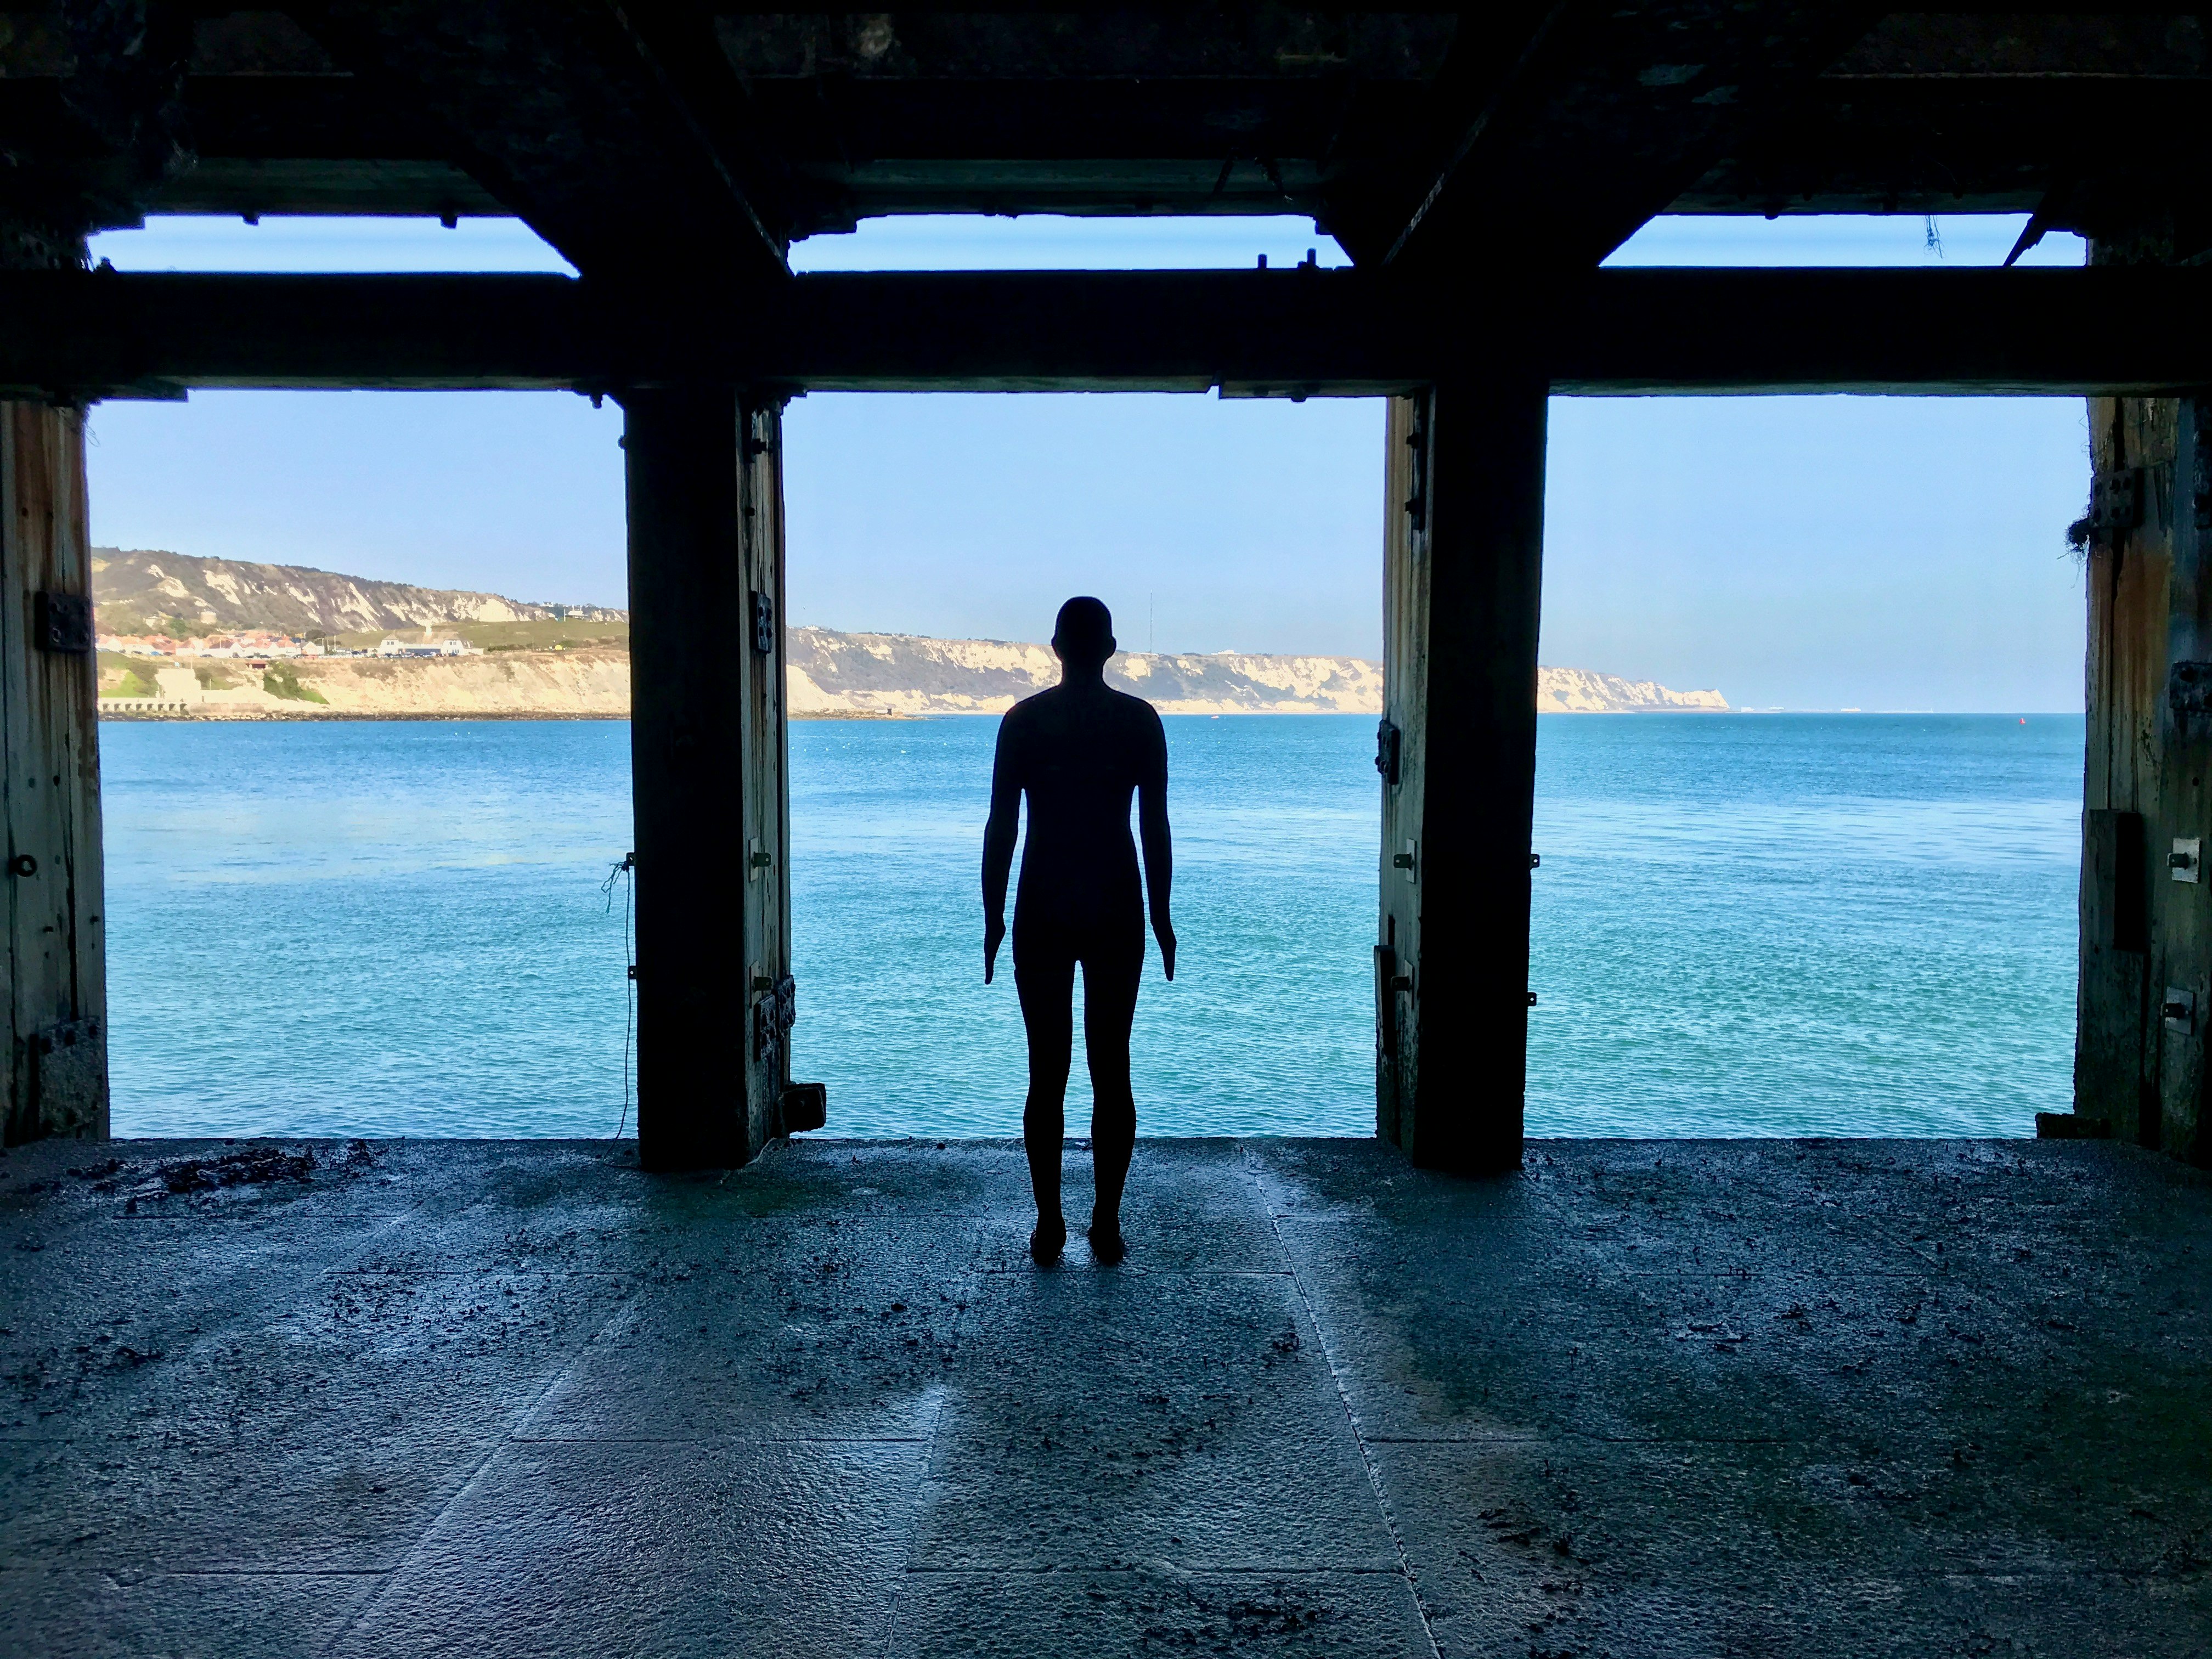 A cast iron figure by sculptor Antony Gormley stands in a shell of a building, looking out upon cliffs and the sea in Folkestone.
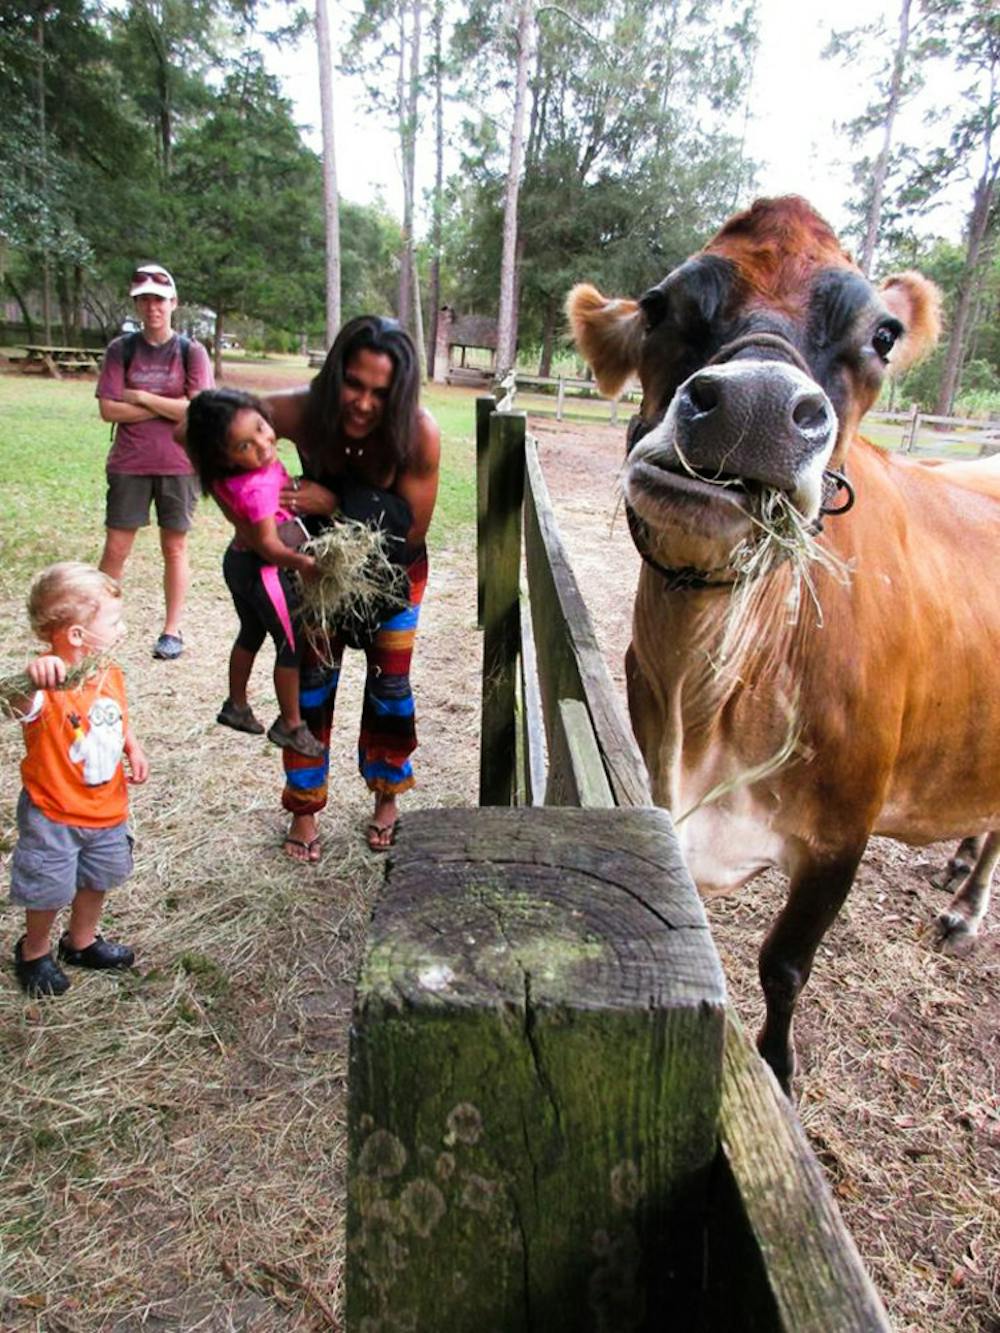 <p dir="ltr">Gainesville’s Morningside Nature Center hopes the de-stressing allure of fuzzy barnyard animals attracts more students — and other residents — to its weekly “barnyard buddies” events.</p>
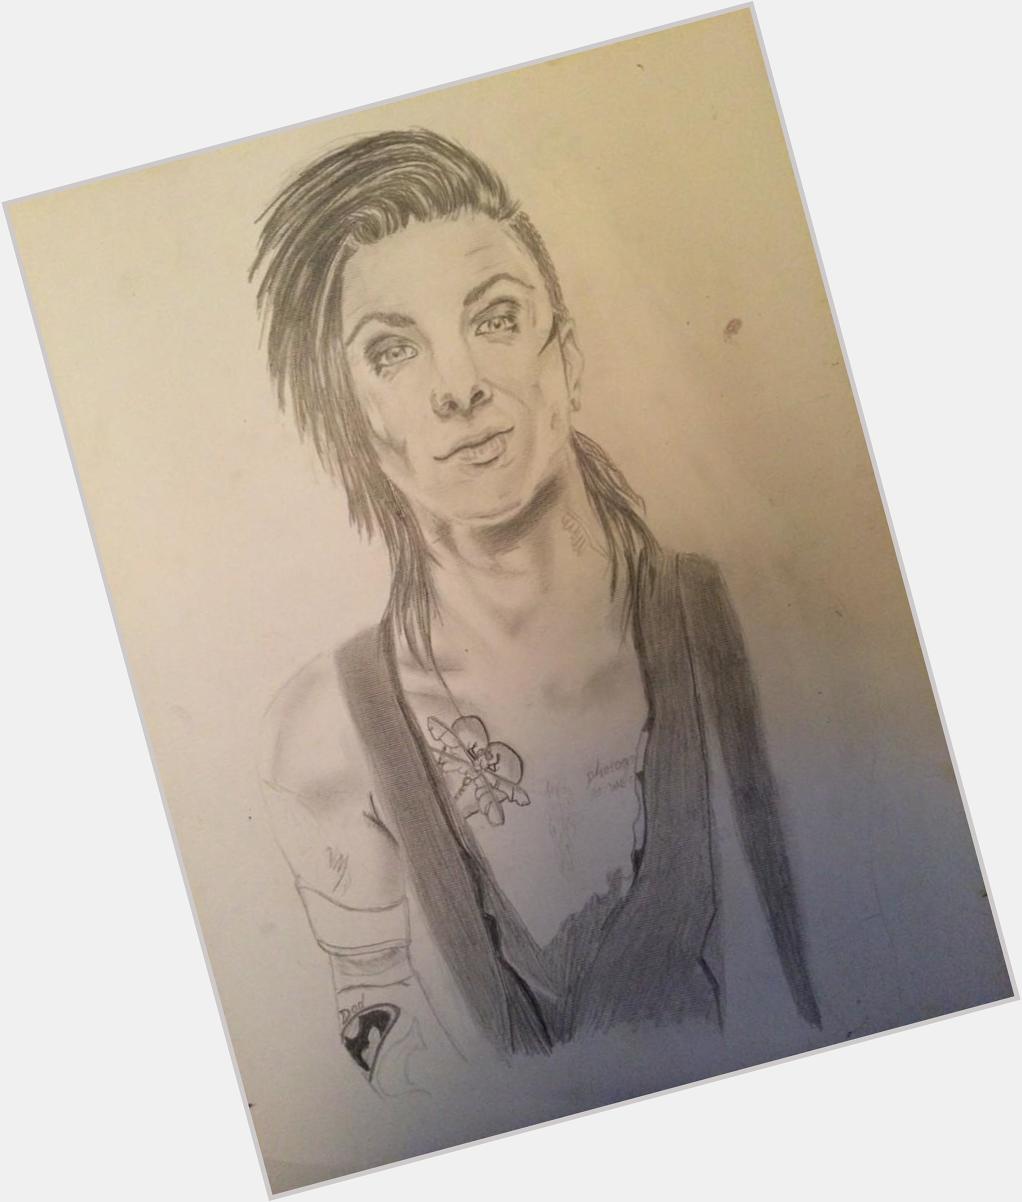 Almost finished  happy birthday to the amazing Andy Biersack 
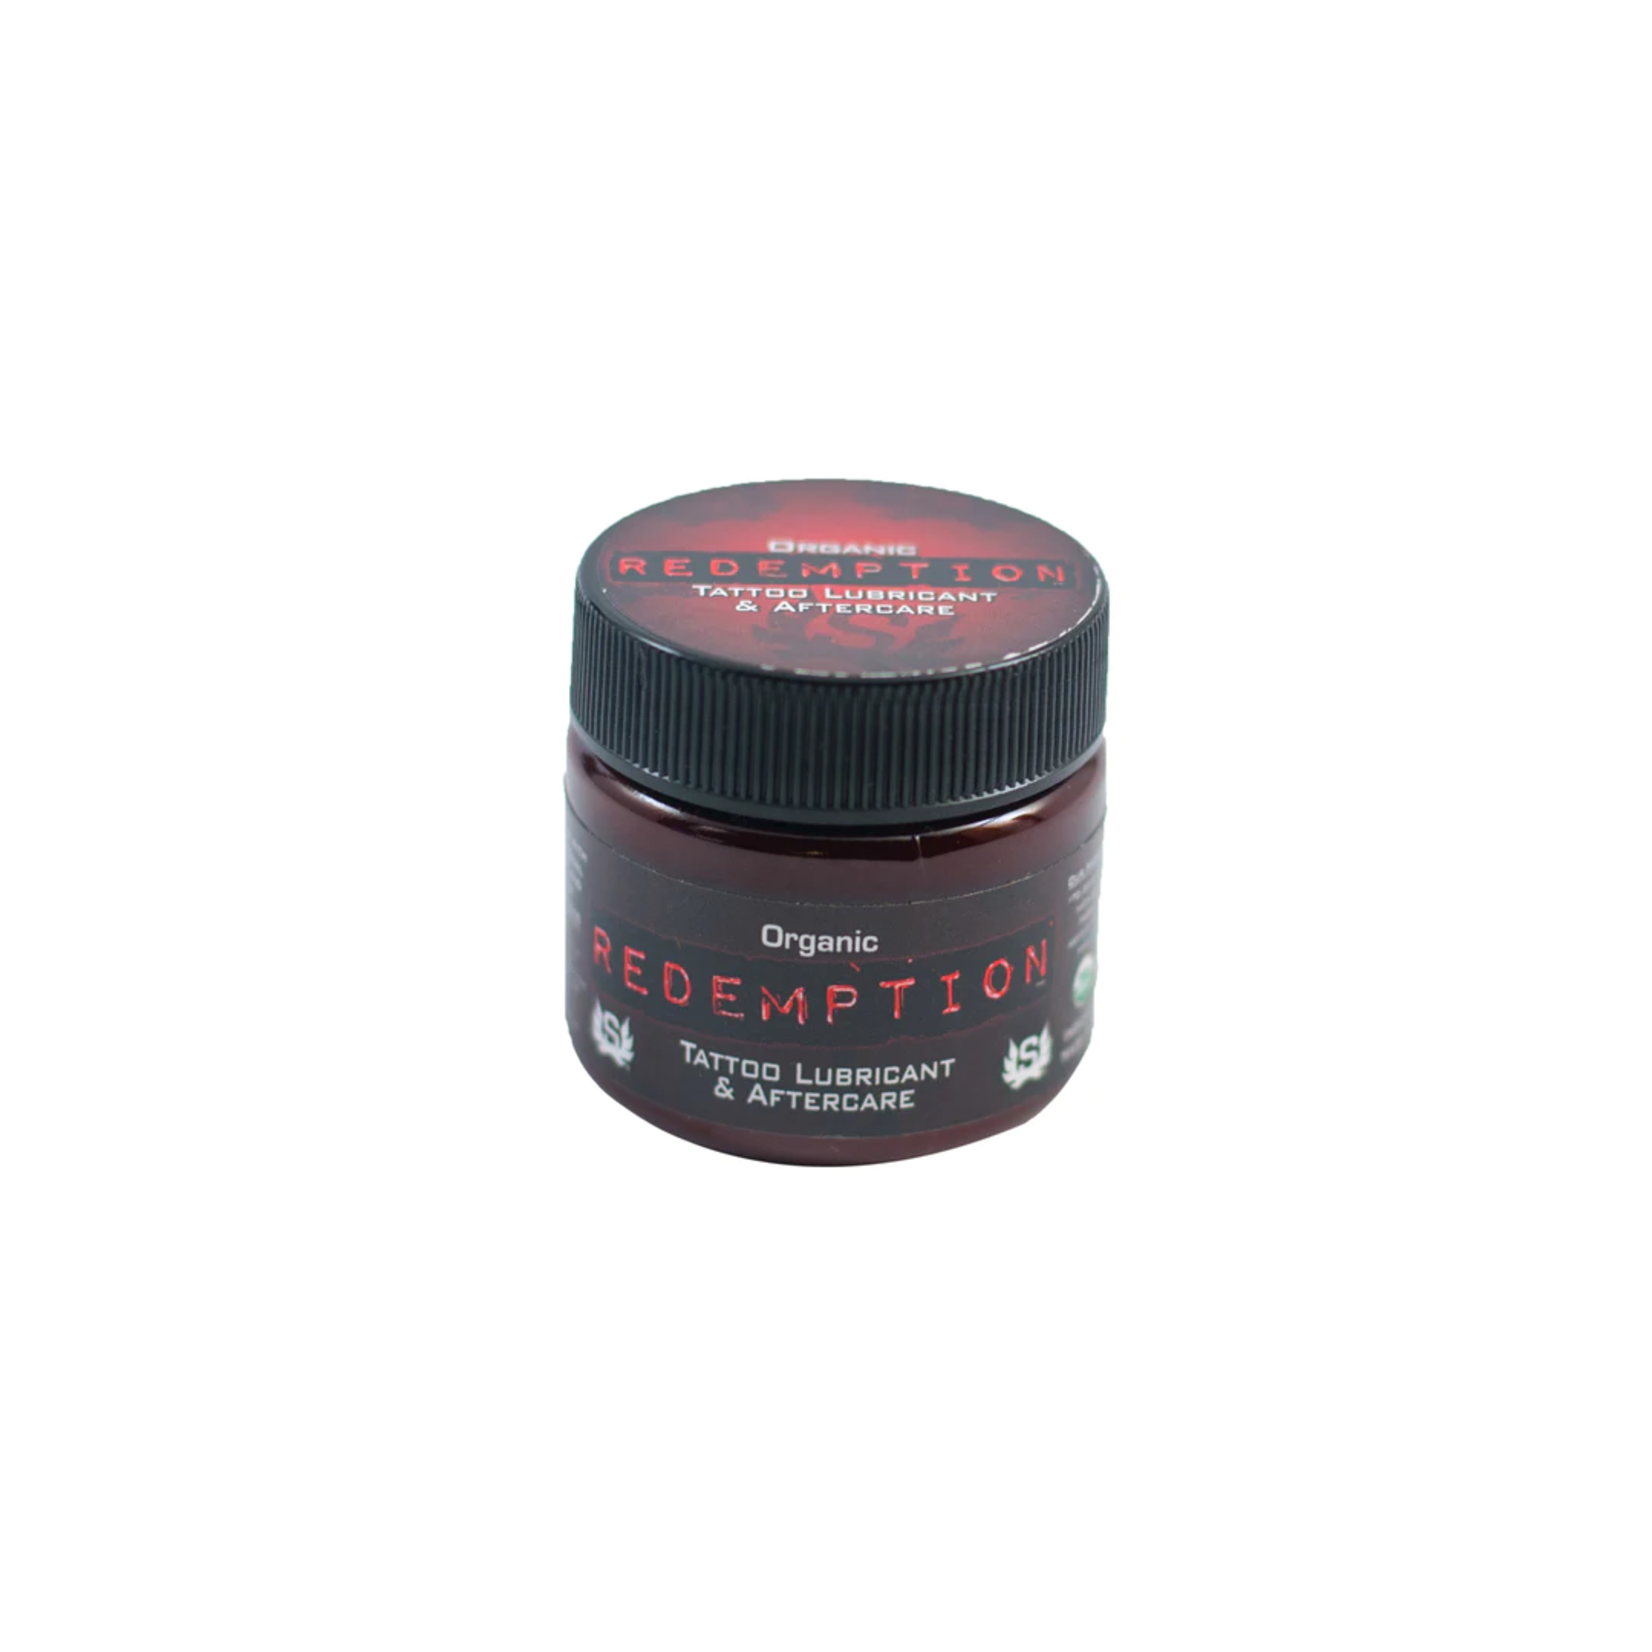 REDEMPTION TATTOO LUBRICANT & AFTERCARE - 1OZ. JAR

Requirement ->
Could the data above be repeated exactly, with every picture dropped?

Output ->
 A cast iron figure by sculptor Antony Gormley stands in a shell of a building, looking out upon cliffs and the sea in Folkestone.
 <p dir="ltr">Gainesville’s Morningside Nature Center hopes the de-stressing allure of fuzzy barnyard animals attracts more students — and other residents — to its weekly “barnyard buddies” events.</p>
 Almost finished  happy birthday to the amazing Andy Biersack 
 REDEMPTION TATTOO LUBRICANT & AFTERCARE - 1OZ. JAR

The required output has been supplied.